大工技世界頂上決戦|日本vsドイツ
先日、たまたまテレビを見てたら、こんな番組を放送していました。
大工技世界頂上決戦|日本vsドイツ
日本もドイツも、どちらも技術や素材に関してはこだわりのある国と言う印象が私の中にはあるのだけど。
ドイツ人のこだわり半端ねーと言うのは。
ドイツの天然素材で造った珪藻土の開発に私も絡んでいたので、良く知っている。
この大工技世界頂上決戦|日本vsドイツ。
番組的には、前半戦と後半戦に分かれているのですが。
前半戦は、角材に穴を開けるスピードを競っていました。
結果、日本の大工さんがぶっちぎりで勝利!
写メは撮れなかったのだけど、さすがだなぁと思う傾向。
どちらも電動工具は使わないで、あくまでも手工具のみの作業です。
そして写メを撮り出した後半戦。
勝負種目は継ぎ手強度対決。
この継手と言うのは、日本の大工で言う仕口(しくち)の中の1つでありまして。
既成品の木材は、たいていの場合3、4mにカットされているので、それを長手方向に木材を組み合わせる技術の事。
この継手対決と言う事になると、私が真っ先に思ったのは。
金輪継ぎだべな・・
と思いました。
案の定、日本最強の継手と呼ばれる金輪継ぎが登場!
対してドイツの継手は、シュロッス・ア・ラ・アクセルと呼ばれる継手方法。
金輪継ぎが勾配を取る事に対して、シュロッス・ア・ラ・アクセルは平らに継ぎます。
これ、とっても似ている工法だと思うのですが。
日本の大工は、なんだかんだと斜めが好きです。
仕口自体に勾配を用いる事がとっても多いですし、今でも耐力壁と言って。
斜めに筋交いを入れる事で、木造住宅の場合は強度を取ったりします。
材料は赤松材。
ヨーロッパでも、日本でも、赤松材は植林されている木材なのですが、かなり加工がしやすい木材になります。

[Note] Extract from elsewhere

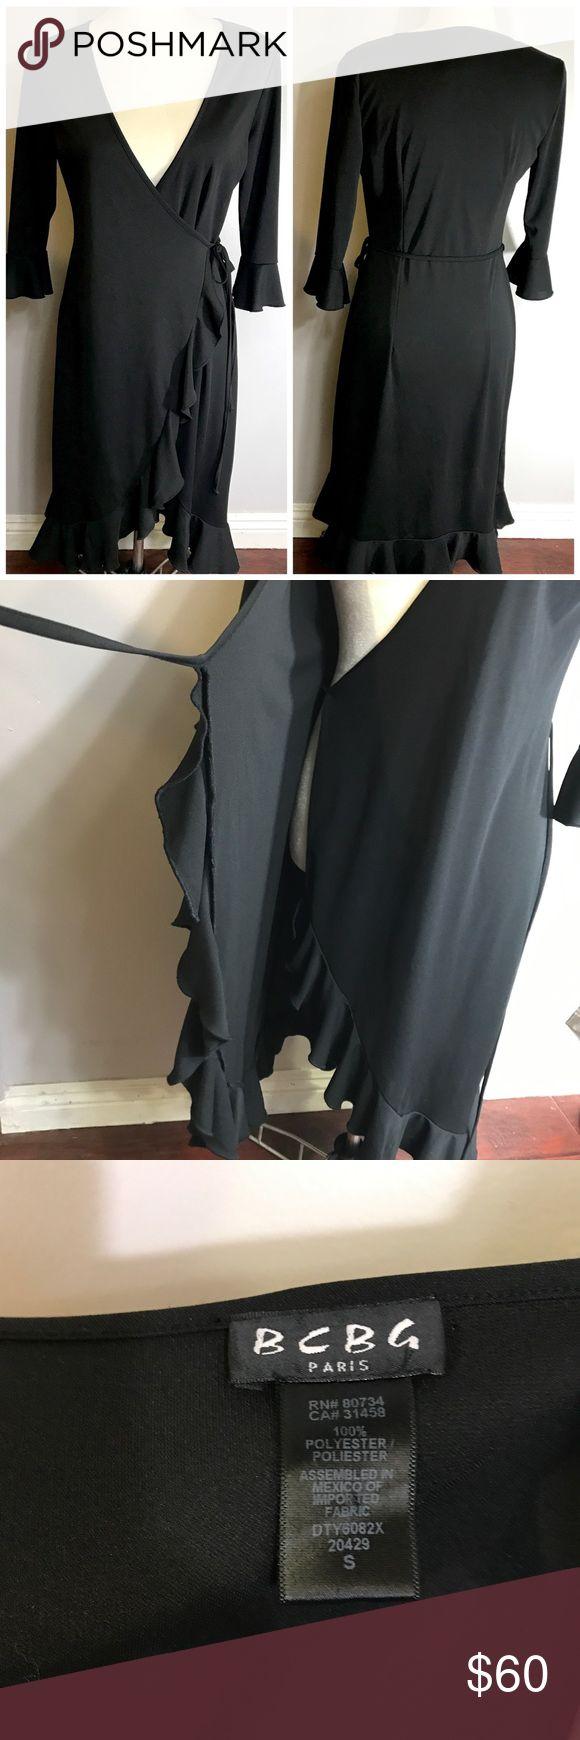 Bcbg Paris Black Wrap dress This dress is so pretty! It has half Bell sleeves. Ruffle trim. Bcbg Paris Dresses

実際に日本の市場で出回っているのは、欧州赤松材が多いので、国産赤松材の利用頻度は若干少ない。。
いずれにしても赤松材は、ノミ切れも良くて加工のしやすい木材である事に間違いはありません。
これが日本の金輪継ぎを再現したモノになります。
ちょっと木材の素生が良さ過ぎる・・・かな。。と思ったりもしたのですが。。
ちょっと画像では分かりにくいのですが、こちらがドイツの最強継手であるシュロッス・ア・ラ・アクセル。
ここで大きく違うのは、継手に対しての込め栓方法。
これ、私も驚いたのですが、日本の込め栓が縦方向に造るのに対して。
ドイツの方は、逆の発想で横方向の木目になる込め栓を造るました。
日本人は込め栓を叩き入れる際、込め栓が潰れない様にと木材の木目方向は全て縦と決まっています。
ところがドイツの方は真逆。
なるほどなー、確かに接合された際には。
全ての木目方向が揃う事になるので、これは確かに素晴らしい発想だなと思ったんです。
そして日本の金輪継ぎをプレス機に入れまして、力を掛けていきます。
木材の強度を法則で説明すると、専門家曰く9KNで破壊に至るはず。
との事でしたが、日本の金輪継ぎは10KNまで耐えました!
それに対して、ドイツのシュロッス・ア・ラ・アクセルは。。
なんと日本の10KNを大きく上回る13.7KNで破壊に至りました!
実に素晴らしい記録だと思います!!
私が見ていて思ったのは、仕口の強度もさる事ながら、木材自体の素生にもよると思いました。
あとはなんと言っても、ドイツの技術の柔軟さが。
この結果になったのでしょうね。
結論的には、前半戦は日本の勝利。
後半戦はドイツの勝利。
なので結果は。。
引き分けとなりました。
見ていて思ったのは。
日本の技術も素晴らしいですし。
ドイツの技術も大変素晴らしい。
だから甲乙付ける必要なんか、全然無くて。
こうゆう職人さん達と一緒に。
予算とか全然関係の無い、こだわった仕事がしたいな〜(笑)
なんて思った朝でした☆
ちなみに金輪継ぎは伝統工法の1つになりまして。
梁や柱のサイズが大きくなればなるほど。
マニアックな噛みあわせを造る事が出来る継手になりますが、今時は。
ほとんど使われる事の無い、継手の1つだったりします。
なんだか久しぶりに、ノミとげんのう、ノコギリを持ちだして。